When the 2 cars are on the bridge by the port, the front car stops at an angle. When the man gets out of the car to shoot, the car is now straight, later it is shown back at the angle again.
When the girls' father sits on his bed to talk to them, he loosens his tie, but leaves it knotted. When Lisbeth leads her sister away and he gets up and follows, the tie is completely undone and hanging down his shirt. In the next sequence however, his tie is once again just loosened and still knotted.
The tyres on the Ducati change from road tyres to off road tyres (and stay that way) after the leap off the wharf.
Two vehicles drive on to the bridge at the port. After the mid-section is raised one car drives away. There are no tyre tracks visible from their arrival.
The notion of a program that cannot be copied but only moved makes little sense.
A file move operation reads the file from the source location and creates a copy at the destination location. It then marks the original file for deletion by the operating system on the source computer. The computer that is doing the copying cannot force the source computer to delete the file, only mark it as such.
The computer that is holding the source file has no control over the computer that is writing the copy of the file to the destination location, It cannot force the destination computer to erase its copy if the deletion of the original file fails.
The notion that only one copy of a program can exist is possible if all of the involved computers have software that can control the copy, such that it will not finalize the copy until the source location is securely erased, this is often classed as Digital Rights Management software.
In the context of the film transferring a file across many computers, where each one would not be under the scope of such DRM software means any one of those servers could have taken a copy and the notion a file can only exist in one place and a second copy cannot be created is not possible.
A file move operation reads the file from the source location and creates a copy at the destination location. It then marks the original file for deletion by the operating system on the source computer. The computer that is doing the copying cannot force the source computer to delete the file, only mark it as such.

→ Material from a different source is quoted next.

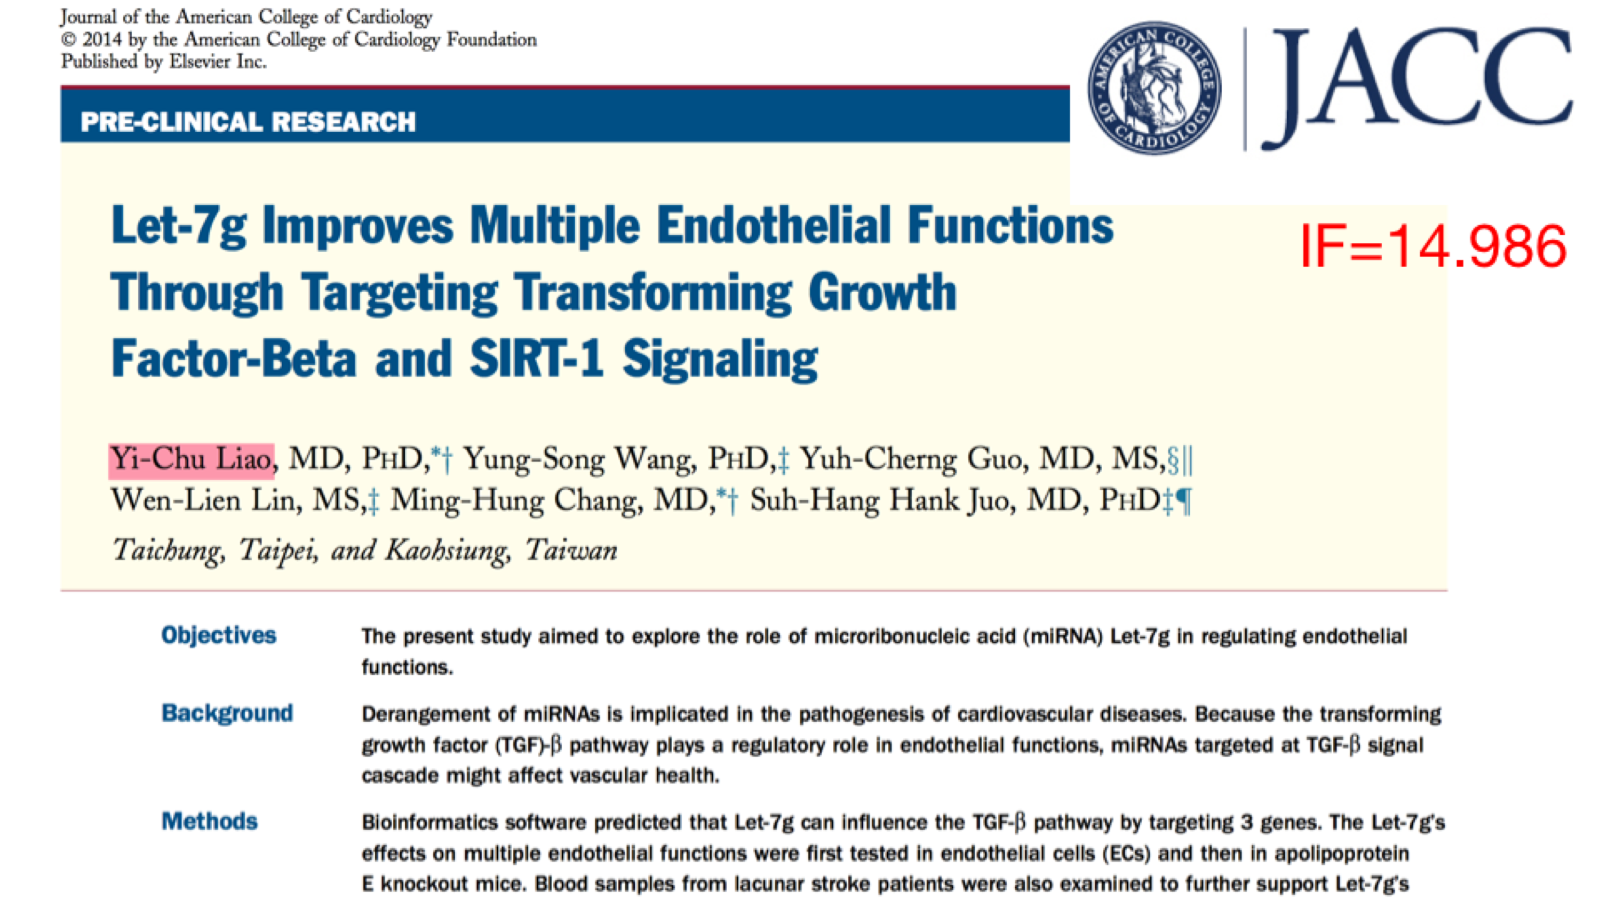 Let-7g Improves Multiple Endothelial Functions Through Targeting Transforming Growth Factor-Beta and SIRT-1 Signaling. IF=14.986

The computer that is holding the source file has no control over the computer that is writing the copy of the file to the destination location, It cannot force the destination computer to erase its copy if the deletion of the original file fails.
The notion that only one copy of a program can exist is possible if all of the involved computers have software that can control the copy, such that it will not finalize the copy until the source location is securely erased, this is often classed as Digital Rights Management software.
In the context of the film transferring a file across many computers, where each one would not be under the scope of such DRM software means any one of those servers could have taken a copy and the notion a file can only exist in one place and a second copy cannot be created is not possible.
In the window of the Swedish Security Service the abbreviation reads "SAPO". The correct abbreviation is "SÄPO" which comes from Säkerhetspolisen.
At minute 55 Lisbeth jumps her Volvo S60 back onto the motorway and one of the car's left side hub caps flies off. Soon after when she slides to a stop on the bridge it is miraculously back in place.
At the end of the movie, Mikael writes his article on a German layout keyboard, despite his office being located in Stockholm, Sweden.
In reality there are no outside elevators on the two office towers where Lisbeth first contacts Mikael in this movie. The towers are located on Kungsgatan, Stockholm.
The villains kill Balder and kidnap his son August along with the program they are after. At that point, they have absolutely no idea that August would be able to open the program for them. It would make more logical sense to take the creator of the program to help them get into it rather than kill him and hope that some other character could.
Lisbeth is one of the world's best hackers. She would not hack the US computers in such a way as to allow them to so easily identify her location.
In the previous movie it was stated that Lisbeth set her dad on fire as a child crippling him severely. Yet Lisbeth's sister said she was molested for 16 years.
This creates a continuity error. Lisbeth could have run off and then set her father on fire after finding out he abused her mother but it still doesn't align very nicely with the previous story.
Lisbeth would eventually be in prison serving a long sentence.
Although Claire Foy worked with a linguistics coach to perfect her Swedish accent, her accent is a mix of Danish and German, and bares little to no resemblance to Swedish. The vast majority of her co-stars speak with a convincing Swedish accent.
A losing chess player does not knock their king over after checkmate. Knocking the king over indicates resignation and is done before the game reaches checkmate, not after.
The story mostly takes place in Stockholm, Sweden. Yet, the only language spoken in the film is English. It is known that over 40 % of the city's population has an immigrant background but majority of them has some other language as a mother tongue than English. Also, some of the movie's characters are from other countries but they speak English all the time. During the entire film only a couple of words are said in Swedish.